Re: Measuring IOPS and Raid penalty
- From: "John Fullbright" <fullbrij@xxxxxxxxxxx>
- Date: Sat, 4 Mar 2006 17:49:36 -0800
Why 3 storage groups and 6 databases? Is that a firm requirement? The
current MS guidance for Exchange 2003 SG layout is to start with four
storage groups even if each SG only contains one database (KB 890699). The
reason for this is that log bufferes are allocated on a per storage group
basis, and by having more storage groups and thereby log buffers, you reduce
log contention. I think your environment is small enough that log
contention won't be a major issue. Each storage group has a seperate set of
logs, and you do want to place each set of logs on a seperate set of
physical spindles. You need 8 spindles in a RAID 10 set to support your
databases. If you use the vss provider and snapshots as part of your
backup, the choice of one big drive or several smaller ones will impact the
granularity of backup/restore. With the 14 spindles I would:
RAID 10 4 drives SG1 Databases
RAID 10 4 drives SG2 Databases
RAID 1 2 drives SG1 Logs
RAID 1 2 drives SG2 Logs
RAID 1 2 drives SMTP queue and badmail directories
Boot volume and page file - local disk
By using a LUN for each storage group, your granularity of backup/restore
will be at the SG level if you use snapshots. You could have one or more
databases inside a storage group. It's tempting to go with just one, but
remember that eseutil requires 110% of the space of your largest database
available if you ever need to do a repair or offline defrag. By splitting
into several smallere databases within the storage group, you reduce the
required amount of space to reserve for Eseutil operations. For example:
If I have one 45GB Store in SG1, the size LUN I would need in order to be
able to run eseutil would be 99GB. If I split the 45GB store into four
11.25GB stores, then the size of the LUN drops to 57.375GB. When you run a
repair or defrag, eseutil creates a tempoarary db. At the end of the
process, it deletes the current db and renames the temp db. Yes you could
use the "t" parameter to map to a share somewhere or another drive, by if
you do this the rename operation becomes a copy. This will lengthen the
repair or defrag process by the amount of time it takes to copy the database
over the wire; something you want to avoid if possible.

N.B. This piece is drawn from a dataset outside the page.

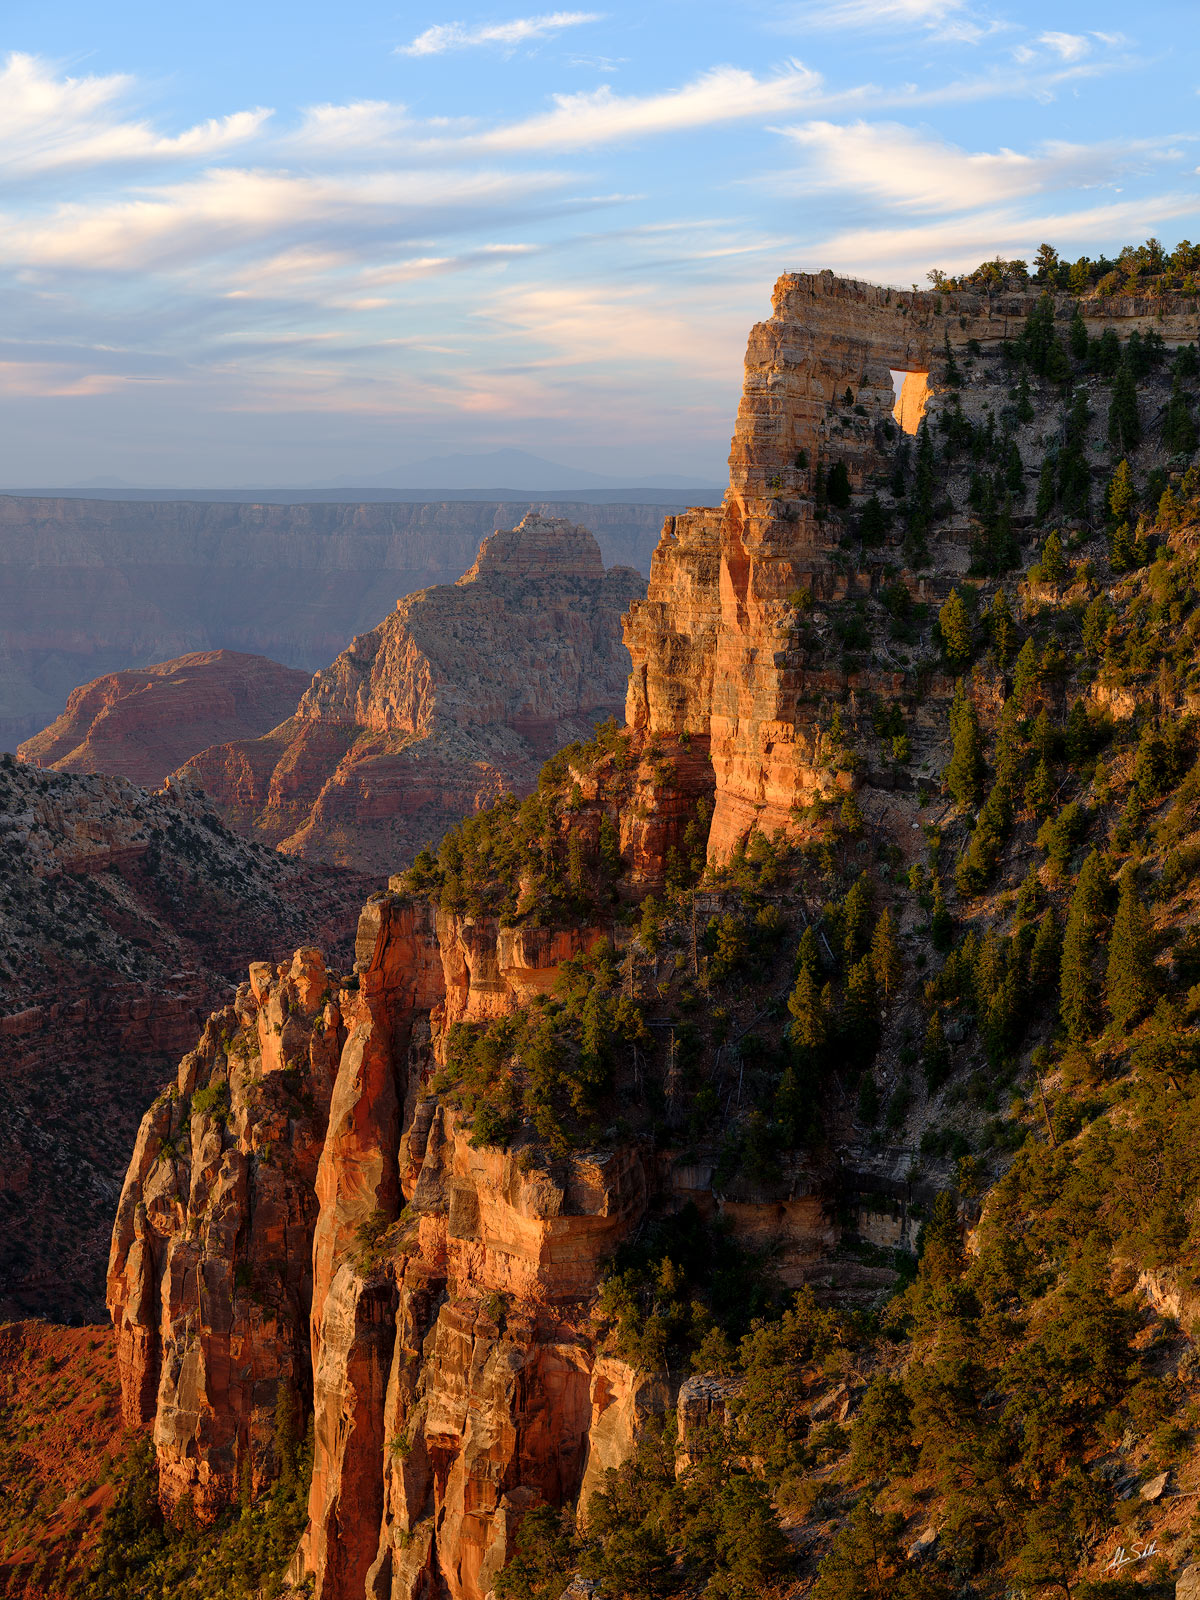 AZ, Angels Window, Arizona, Fuji, Fujifilm, GFX 50R, Grand Canyon, National Park, North Rim, Sunrise, photo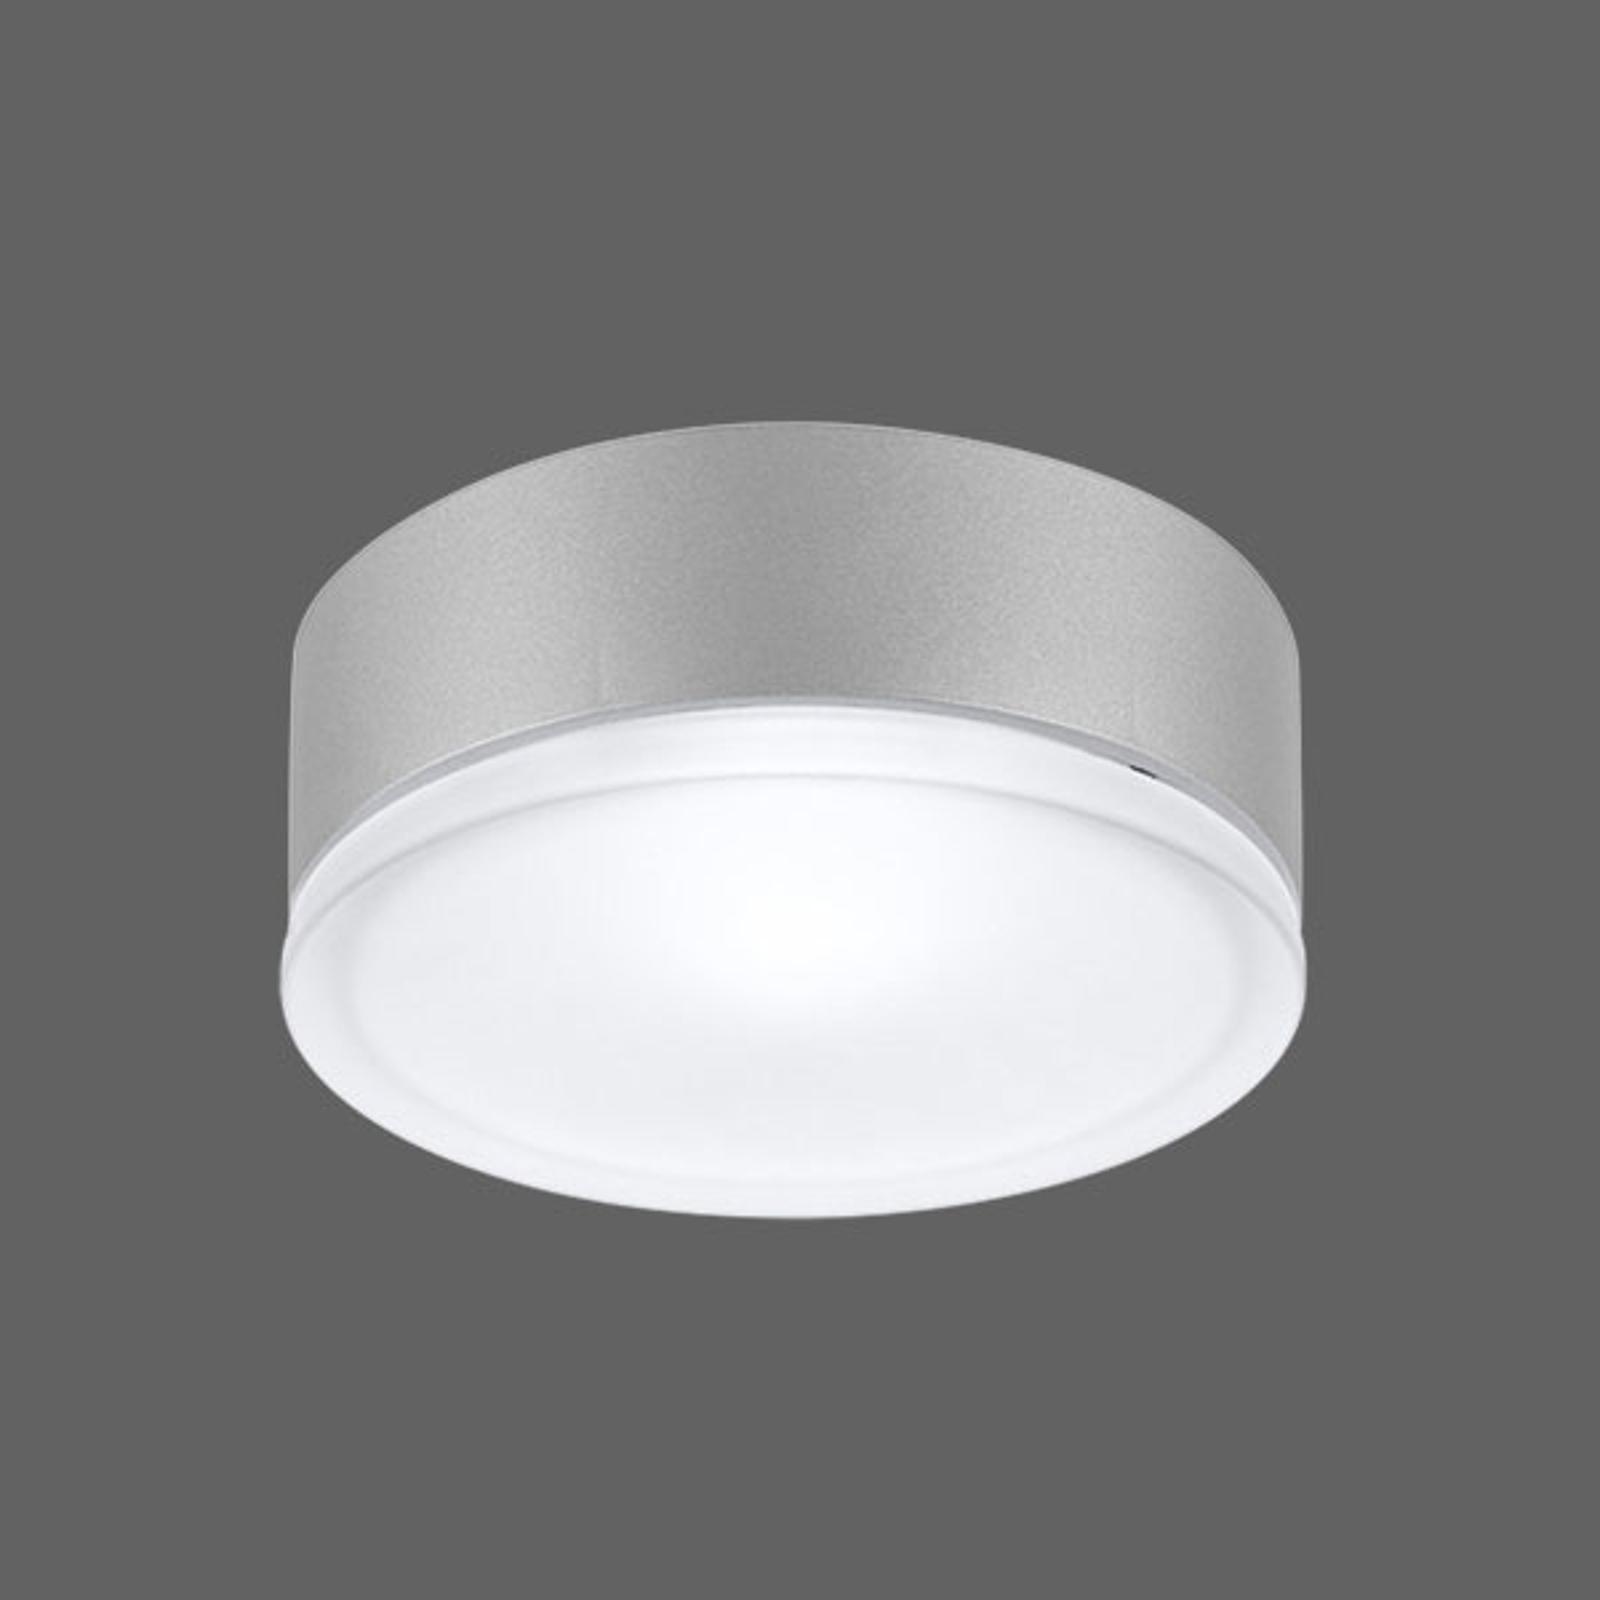 Effektiv vegglampe Drop 22 LED grå 4000K

"SW" <SW@xxxxxxxxxxxxxxxxxxxxxxxxx> wrote in message
news:0EE34511-2A71-483A-9A8E-633D8F197B11@xxxxxxxxxxxxxxxx
John, we have a bank of 14 disks. 6 are taken up by our RAID 5 volume
(10,000 RPM) leaving us 8 slots. We have bought 14 15,000 disks. We have
a
90GB private database. Have 2 solutions please advise:
Solution 1:
We have 750 mailboxes, but have 250 disabled users, so it will be 500
users.
3 RAID 10 volumes and split the database:
4 x Disks (one storage group with 2 databases)
4 x Disks (one storage group with 2 databases)
4 x Disks (one storage group with 2 databases)
First we would create 2 RAID 10 volumes and spit the database over to
these
the remove the RAID 5 volume to create the last RAID 10 volume.
or
Solution 2:
1 RAID 10 volume and split the database:
8 x Disks (3 storage groups with 6 databases)
We are not sure if have more RAID 10 volumes with many databases is better
than just one big RAID 10 volume with many databases.
Thanks in advance
"John Fullbright" wrote:
How many users? What kind of users? What does your environment look
like?
I've been in many environments, and my experience is that the MS
assumptions
for light, medium and heavy users are low. I always measure. My
experience has been that the average IOPS/user is closer to 1.5. Things
that impact that number:
Mapi applications (Blackberry, Goodlink, Unity, Rightfax, etc.)
Desktop search, email client search applications (Google, Lookout, etc.)
Average mailbox size
Average number of items per folder
Attachment size limits
I have seen many environments where there are no limits, voicemail and
fax
are integrated with exchange, all users have a crackberry, and the
standard
desktop deploy image contains a desktop search engine. In these
environments, the measured IOPS/user has been in excess of 3. Clearly
the
assumption of 1 IOP/heavy user is nowhere close. You combine that with
RAID
5 and an IOPS/spindle assumption which does not account for the IO
response
time, and you have an underperforming mess.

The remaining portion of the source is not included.